# Can standard Brake Calipers be used on a cross frame? (not for racing).



## KMan (Feb 3, 2004)

Been out of cross racing a few years but still kept my cross bike for winter riding and gravel road use. More and more I'm really hating the braking for "road" use. I have an older Stevens Team frame using Paul Neo-Retro's up front and Pauls Touring brakes in the rear.

I've been think of trying some road brakes on the bike but not sure if they will work with larger tires. I'll use up to 35mm file treads during the winter.

So......can I use some Ultegra/Dura-Ace road calipers on larger tires? I know I would probably have to deflate the tires to get the wheel's on/off, but I don't know if the brake calipers have enough clearance for larger tires and I don't see anything listed on the Shimano website.


----------



## Dream Plus (Feb 4, 2004)

You might try mini vees. 

They are too much brake, and not enough mud clearance for Cx in imho, but I have them on my pit bike and they work well.

TRP for Shimano,
TRP for SRAM

That said, i would have no problem using my Avid Ultimates on the road.


----------



## Cyclo-phile (Sep 22, 2005)

There's a very good chance that your cross bike does not have mounting points at the top of the fork or on a seatstay bridge for road caliper brakes.


----------



## Nater (Feb 7, 2003)

Dream Plus said:


> That said, i would have no problem using my Avid Ultimates on the road.


I have no problem using my Avid Ultimates on the road either (don't own a true road bike...Cx does double duty). I've got aluminum rims though.

I'll second the recommendation for the TRP Mini V brakes. 

Cheapest option may be new pads for your Pauls and make sure they're set up correctly?


----------



## haikalah (Oct 5, 2004)

In addition to mounting holes, regular road bike brakes are "short reach" -- having a much shorter distance from mounting hole to rim. Long reach brakes, like these, might work. The linked page includes a link to article on measuring brake reach.


----------



## 32and3cross (Feb 28, 2005)

Im kinda wondering what you finding lacking. I did alot of riding on the road with my cross bike both fast group rides and and big descents and never found them terribly lacking. I have avid shorty ultimates and while my sram reds are stronger it was never so much of an issue.


----------



## pretender (Sep 18, 2007)

I think your problem is using the wide-profile brake in front. There is only so much mechanical advantage you can get out of them. Try a low-profile canti with a low straddle cable.

If your problem is brake squeal, try mini-V. Start with a cheap pair of 85mm ones, and if those work, spring for the TRP 8.4.


----------



## KMan (Feb 3, 2004)

Thanks all. Should have looked at the bike before I asked the question. I assumed there were brake mounts, but was wrong so I'll just stick with what I have. Fyi....I ditched the carbon wheels for aluminum rims since this has become my winter road bike. I was looking for better braking performance. Brakes are fine for cross speeds, but about 1/2 as good as typical road brakes on road type usage. 
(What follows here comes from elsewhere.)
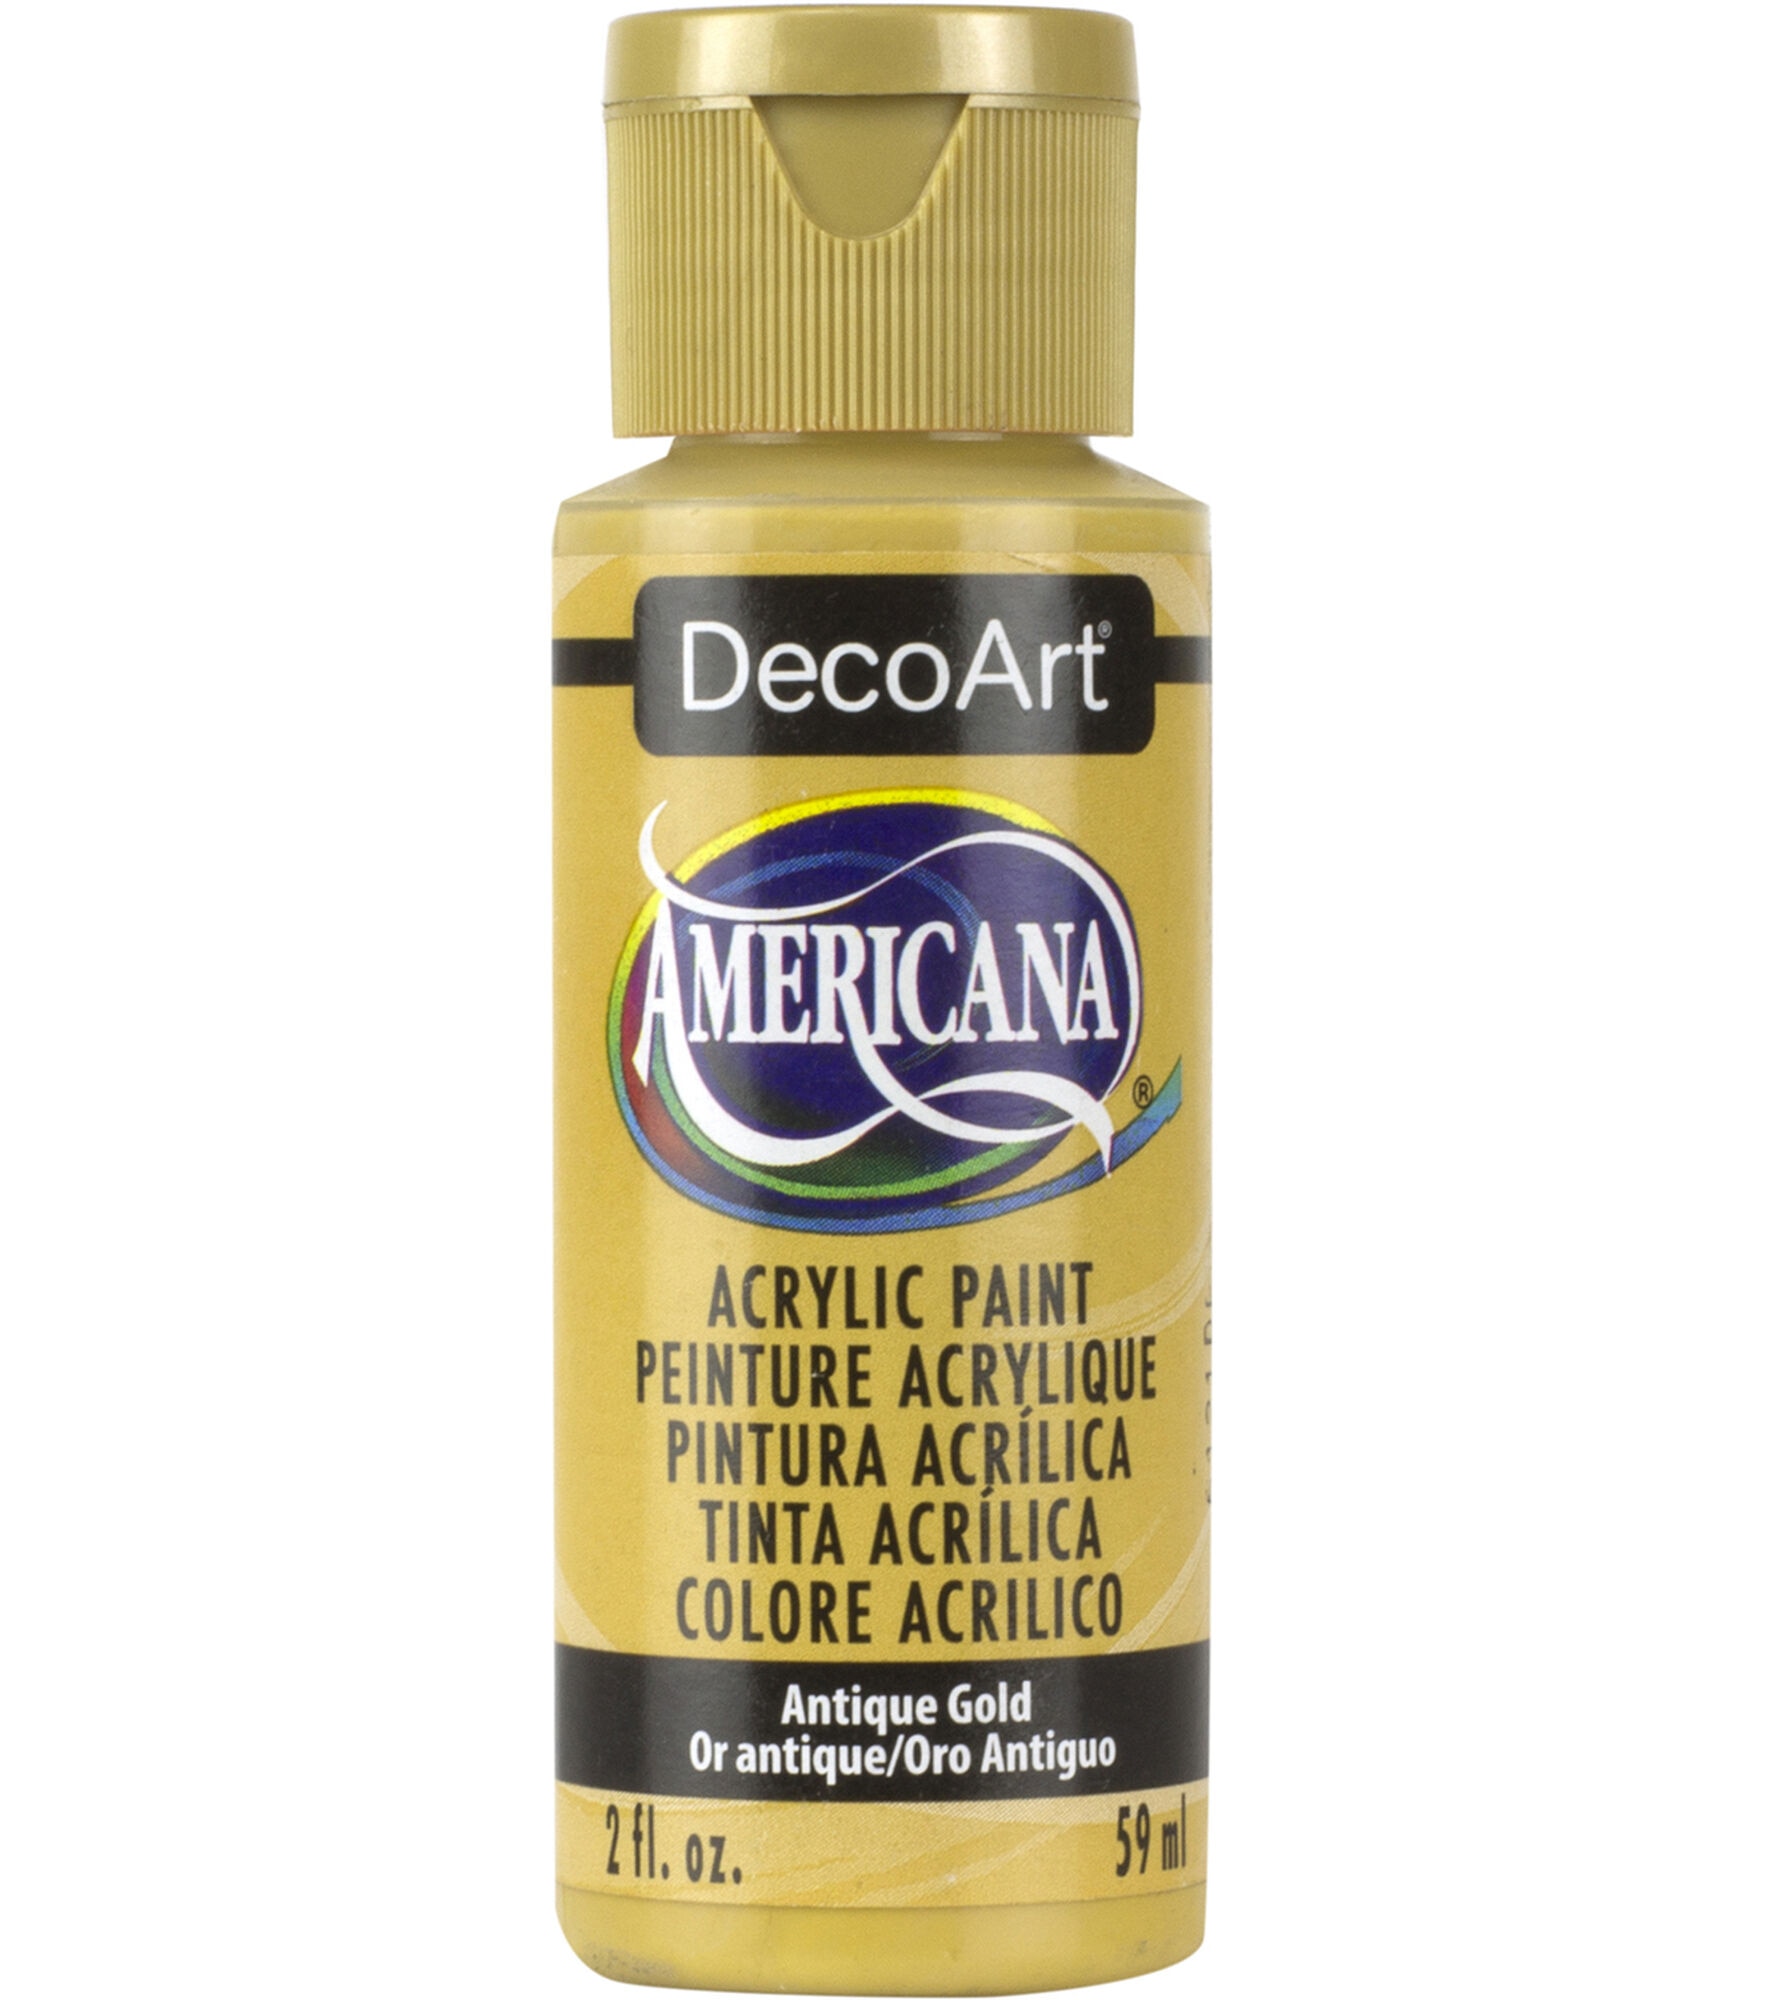 DecoArt Americana Acrylic 2oz Paint, Antique Gold, hi-res

I think I'll just hang tight with this bike and look in the near future switching to a new bike with Di2 and disc.


----------



## jroden (Jun 15, 2004)

KMan said:


> Thanks all. Should have looked at the bike before I asked the question. I assumed there were brake mounts, but was wrong so I'll just stick with what I have. Fyi....I ditched the carbon wheels for aluminum rims since this has become my winter road bike. I was looking for better braking performance. Brakes are fine for cross speeds, but about 1/2 as good as typical road brakes on road type usage.
> 
> I think I'll just hang tight with this bike and look in the near future switching to a new bike with Di2 and disc.
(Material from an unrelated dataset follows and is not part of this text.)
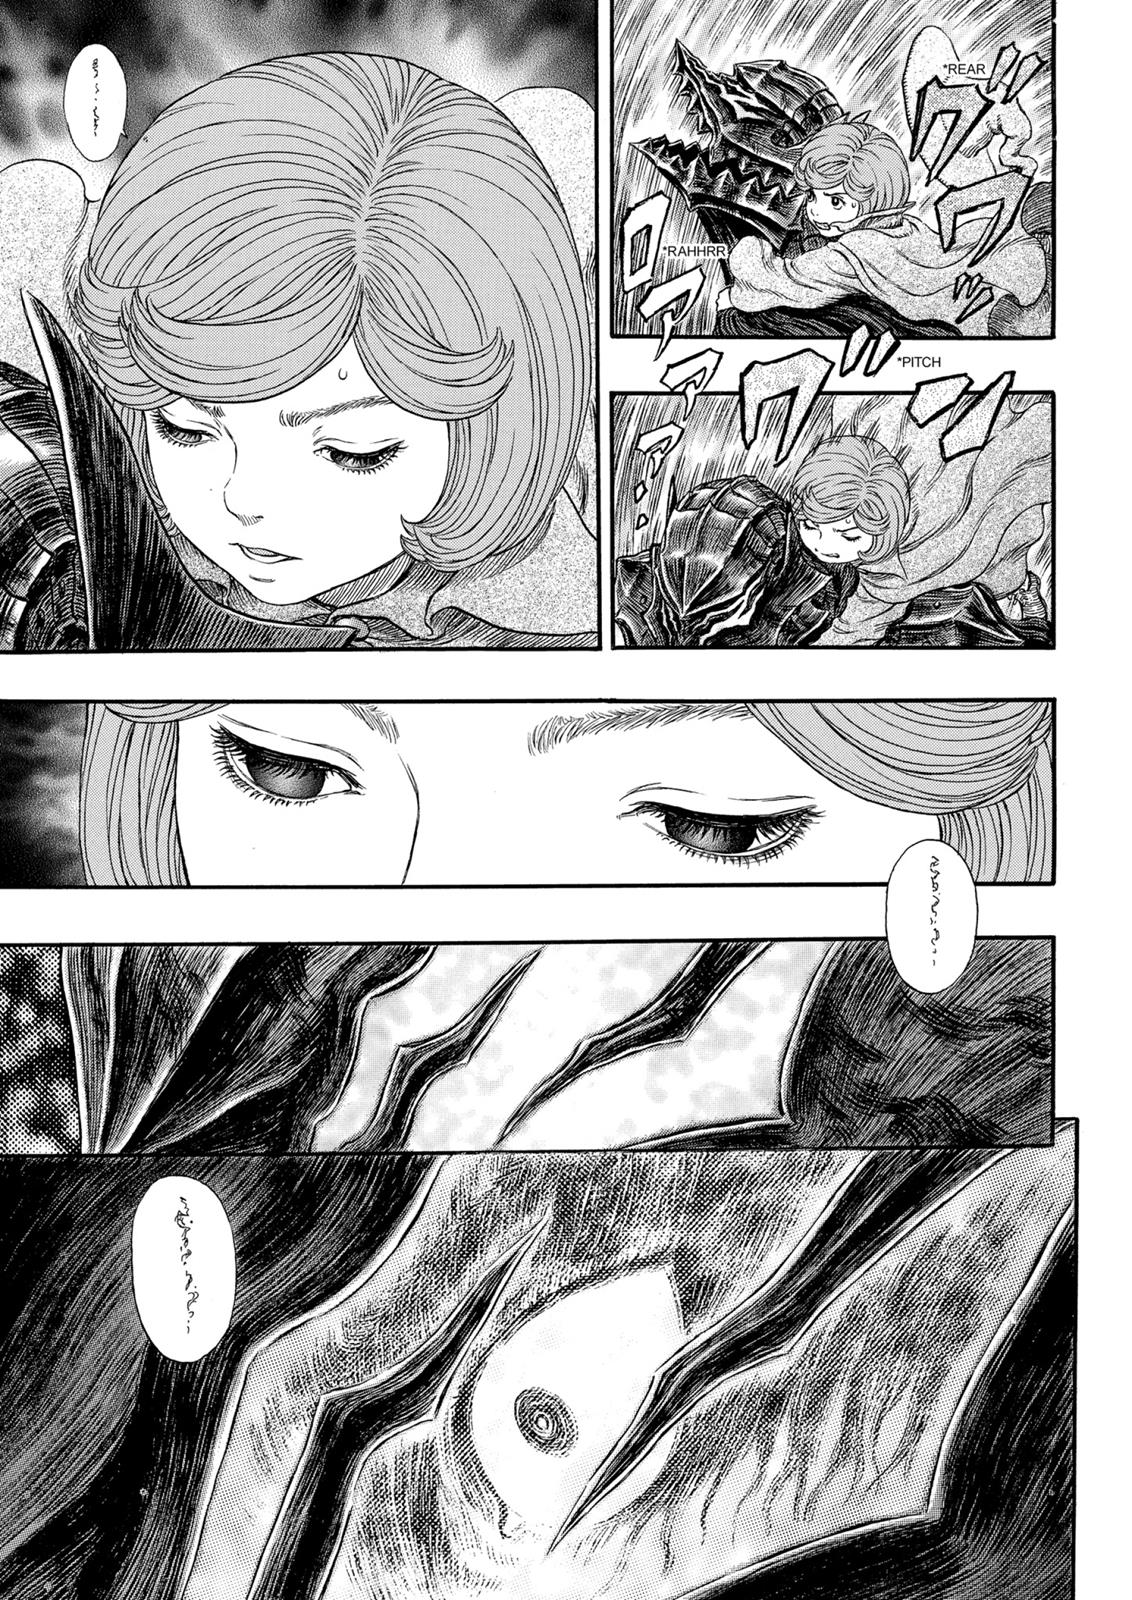 Berserk Manga Chapter 317 image 06

the cheap tektro mini v brakes along with the problem solvers adjustable noodle will solve this issue for less than 30 bucks. You can use them for cross too, they work about as well as normal rim brakes. They are quite easy to install.

the discs seem to have some issues in the real muddy conditions also, nothing that can't be solved but they may not be perfect with the wrong pads.


----------



## jrm (Dec 23, 2001)

shimano recently began offering a touring v brake thats compatible with your shifters. Id choose them over mini v's any day.


----------



## pretender (Sep 18, 2007)

jrm said:


> shimano recently began offering a touring v brake thats compatible with your shifters. Id choose them over mini v's any day.


What's the difference?


----------